Now we may submit the job to the HPC cluster. Our model is relatively simple, and it should complete within 10 seconds. Once the job is completed, we can review the output contained in the pytorch-mpi-singularity.out file.
sbatch run.sbatch
tail -f pytorch-mpi-singularity.out
# Running DDP on rank 1/3.
# Running DDP on rank 0/3.
# Running DDP on rank 2/3.
# epoch 0, loss = 0.6970552802085876, rank 0/3 (cpuamdg10001).
# epoch 0, loss = 0.6552489995956421, rank 1/3 (cpuamdg10002).
# epoch 0, loss = 0.613753080368042, rank 2/3 (cpuamdg10003).
# epoch 100, loss = 0.15419788658618927, rank 0/3 (cpuamdg10001).
# epoch 100, loss = 0.13655585050582886, rank 1/3 (cpuamdg10002).
# epoch 100, loss = 0.12928889691829681, rank 2/3 (cpuamdg10003).
# epoch 200, loss = 0.04900356009602547, rank 0/3 (cpuamdg10001).
# epoch 200, loss = 0.040532443672418594, rank 1/3 (cpuamdg10002).

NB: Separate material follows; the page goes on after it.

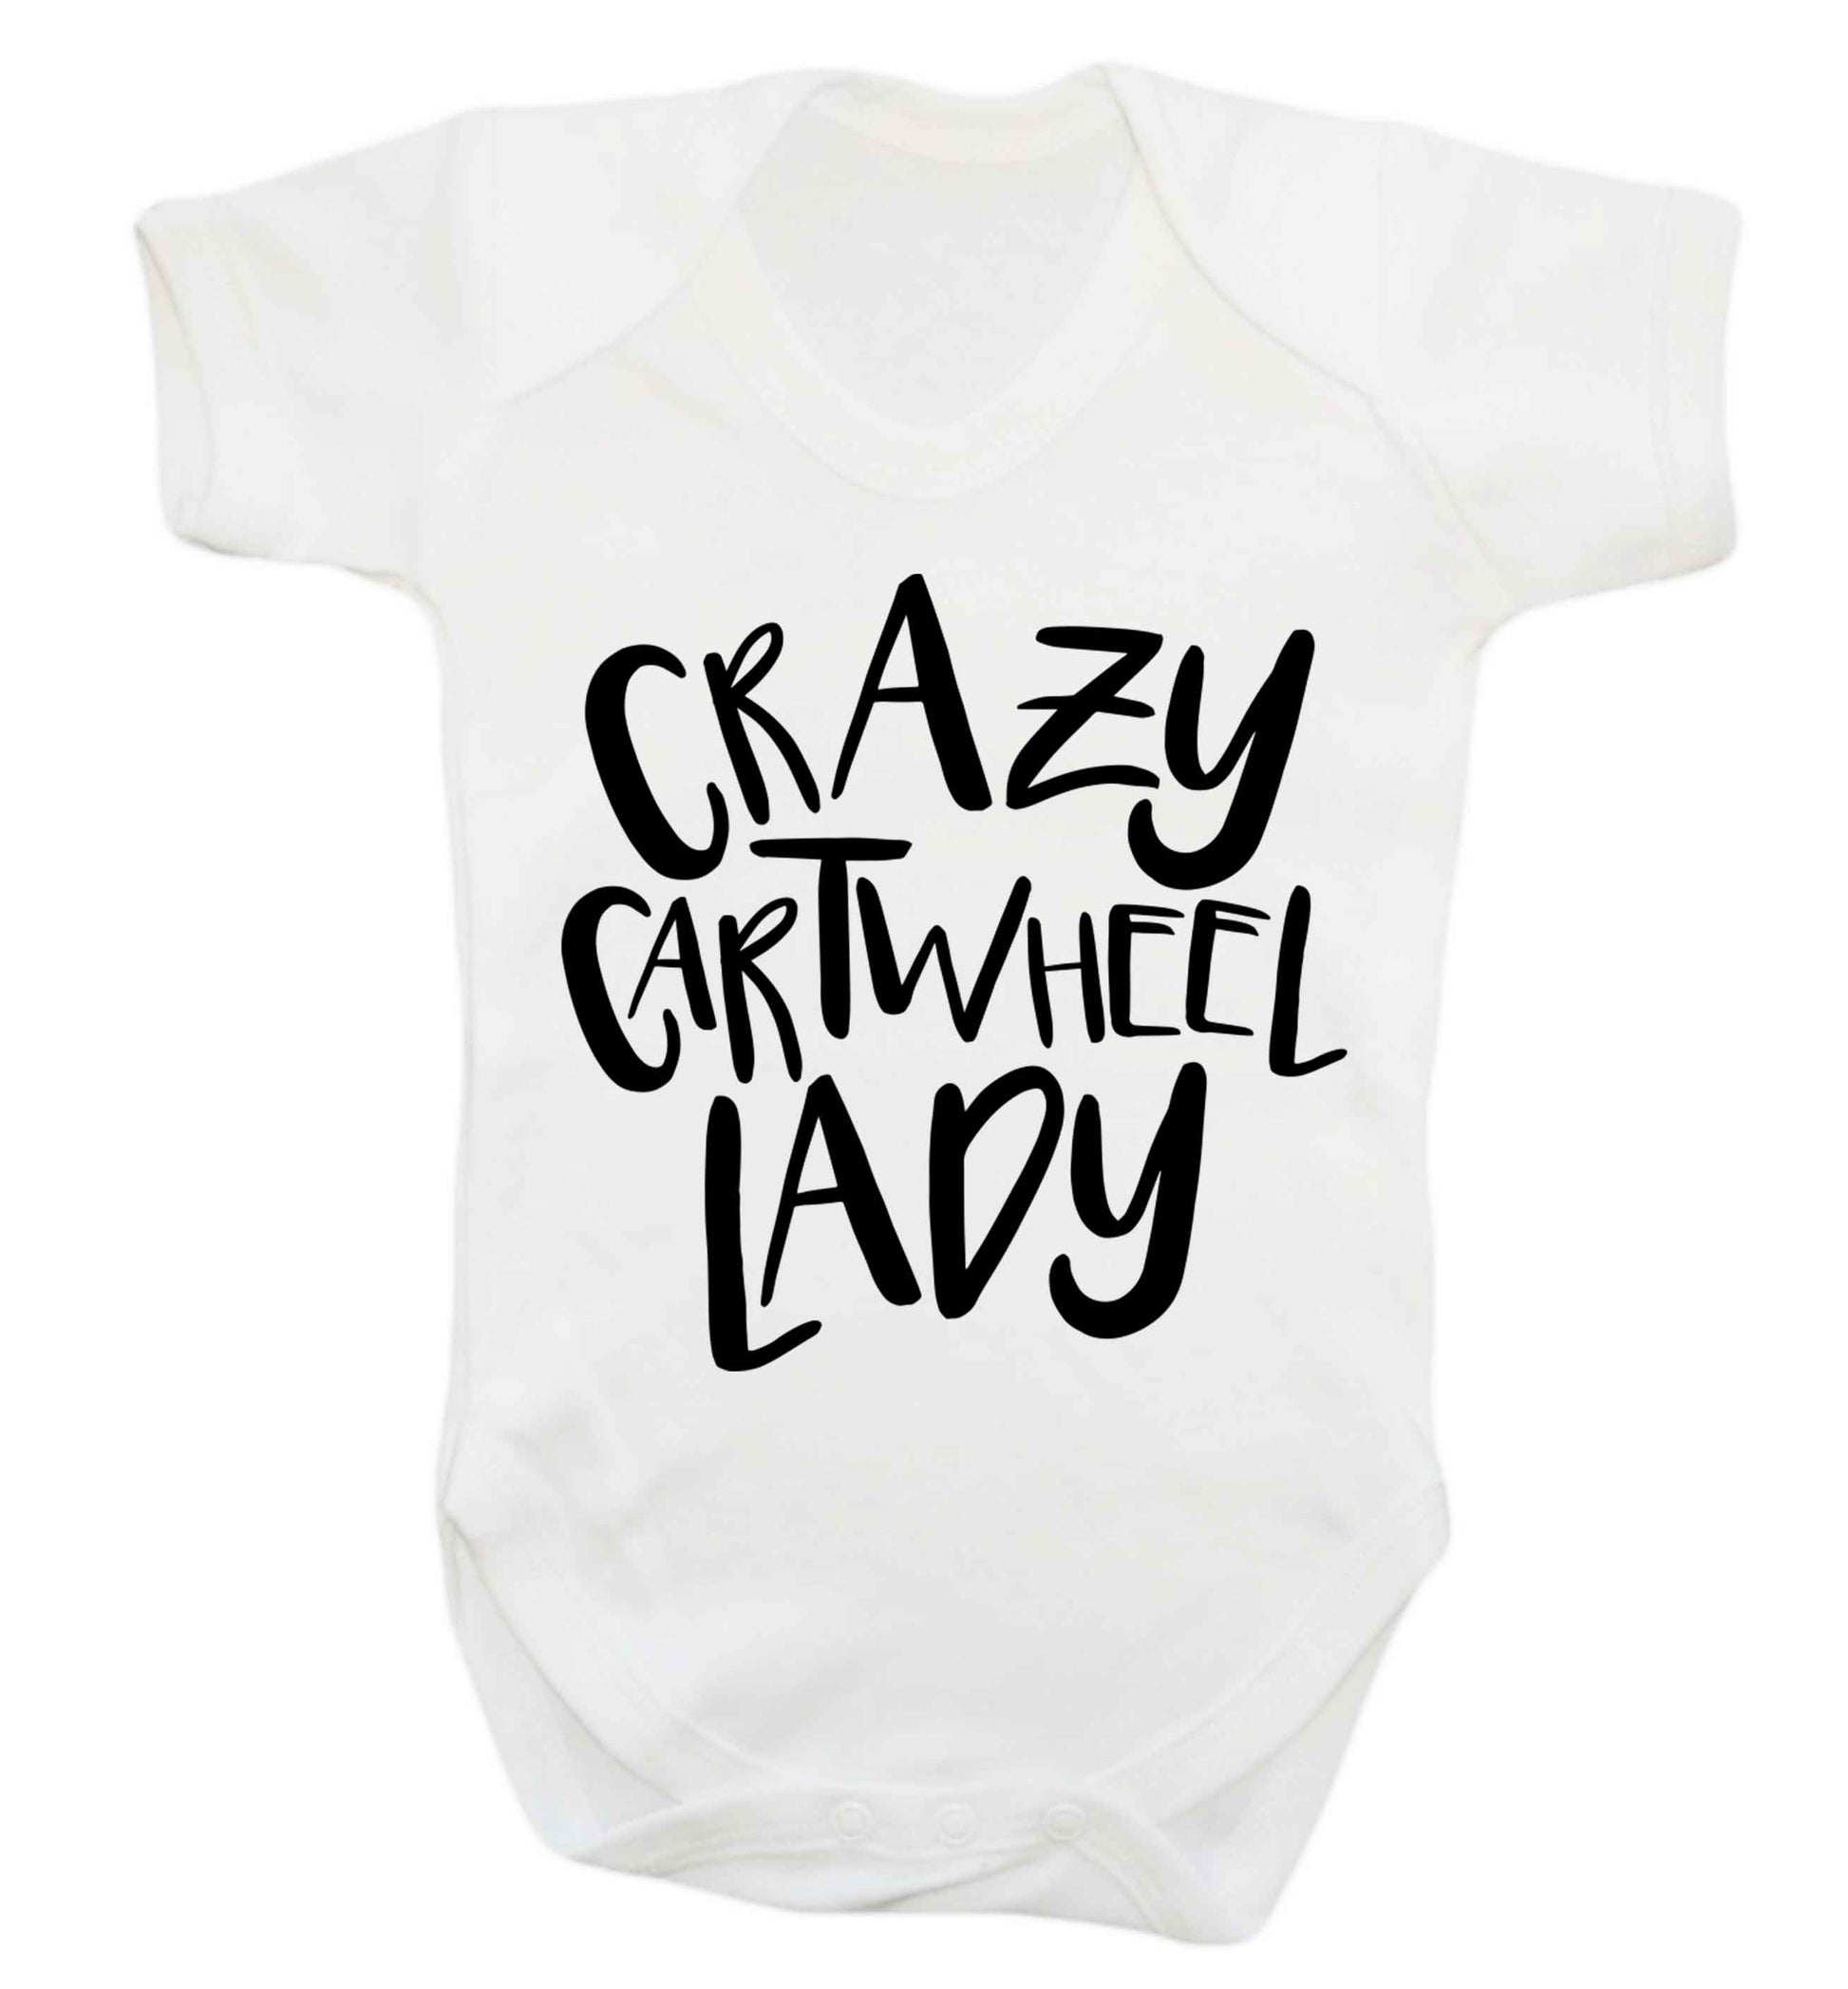 Crazy cartwheel lady Baby Vest white 18-24 months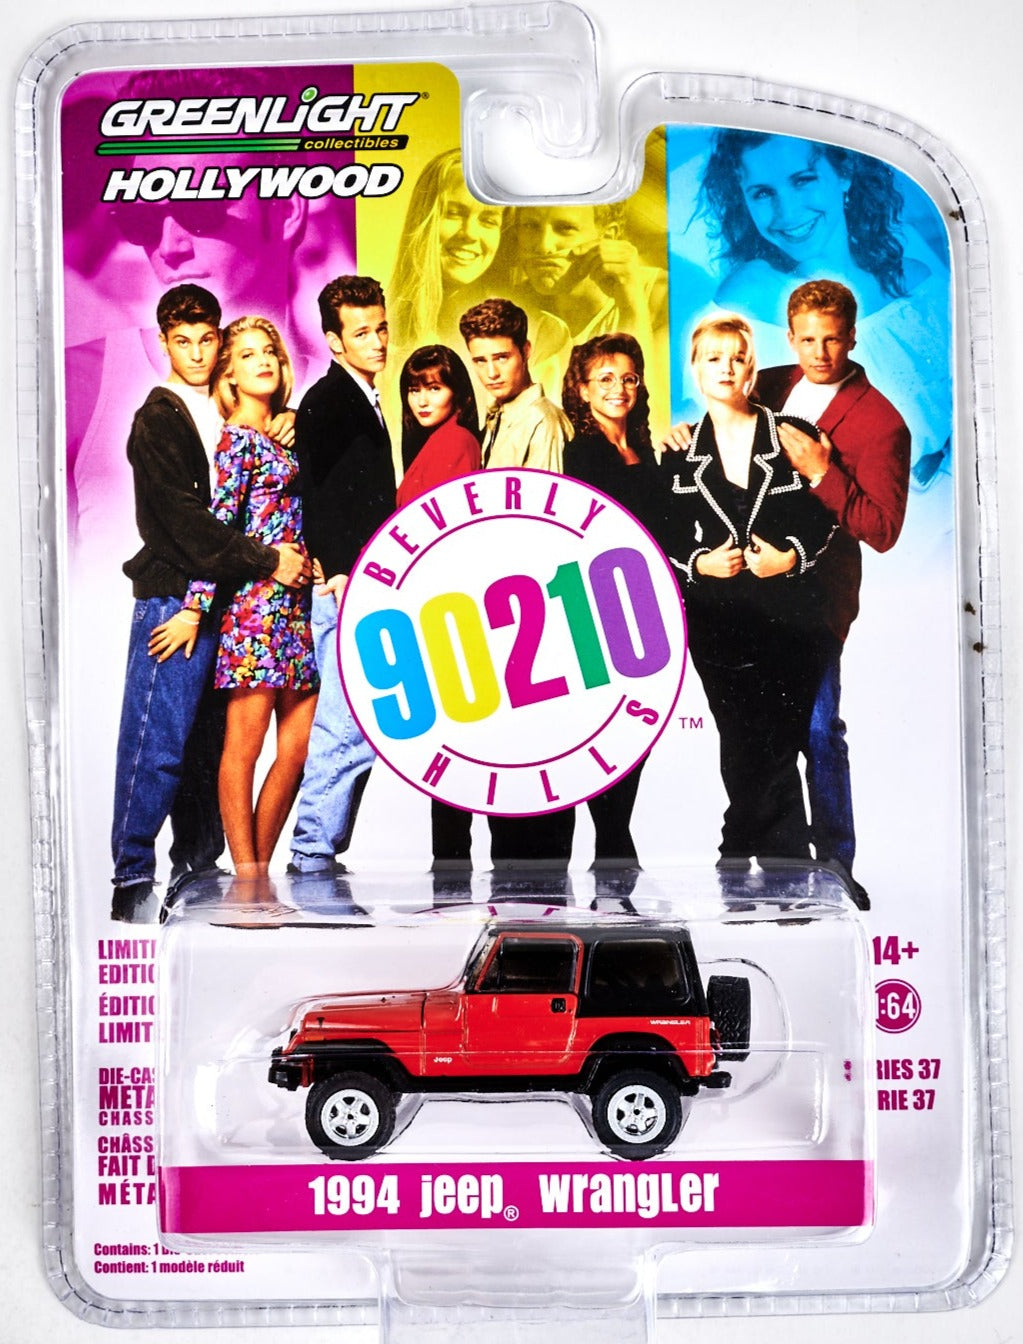 1994 Jeep Wrangler - Beverly Hills 90210

# epoch 200, loss = 0.04361008480191231, rank 2/3 (cpuamdg10003).
# epoch 300, loss = 0.020832832902669907, rank 0/3 (cpuamdg10001).
# epoch 300, loss = 0.01722469925880432, rank 1/3 (cpuamdg10002).
# epoch 300, loss = 0.02464170753955841, rank 2/3 (cpuamdg10003).
# epoch 400, loss = 0.014773314818739891, rank 0/3 (cpuamdg10001).
# epoch 400, loss = 0.012860079295933247, rank 1/3 (cpuamdg10002).
# epoch 400, loss = 0.010255211964249611, rank 2/3 (cpuamdg10003).
# epoch 500, loss = 0.006024891510605812, rank 0/3 (cpuamdg10001).
# epoch 500, loss = 0.010885883122682571, rank 1/3 (cpuamdg10002).
# epoch 500, loss = 0.01051397155970335, rank 2/3 (cpuamdg10003).
# epoch 600, loss = 0.005216504912823439, rank 0/3 (cpuamdg10001).
# epoch 600, loss = 0.007366226986050606, rank 1/3 (cpuamdg10002).
# epoch 600, loss = 0.0031539099290966988, rank 2/3 (cpuamdg10003).
# epoch 700, loss = 0.008166833780705929, rank 0/3 (cpuamdg10001).
# epoch 700, loss = 0.012004977092146873, rank 1/3 (cpuamdg10002).
# epoch 700, loss = 0.004705417435616255, rank 2/3 (cpuamdg10003).
# epoch 800, loss = 0.005532342940568924, rank 0/3 (cpuamdg10001).
# epoch 800, loss = 0.007162642199546099, rank 1/3 (cpuamdg10002).
# epoch 800, loss = 0.007548379711806774, rank 2/3 (cpuamdg10003).
# epoch 900, loss = 0.004862943198531866, rank 0/3 (cpuamdg10001).
# epoch 900, loss = 0.007574871182441711, rank 2/3 (cpuamdg10003).
# epoch 900, loss = 0.006178494542837143, rank 1/3 (cpuamdg10002).
# plot evaluation result to errors.pdf
Please note that you can view the errors.pdf file through the web portal, which displays the error decline for each epoch.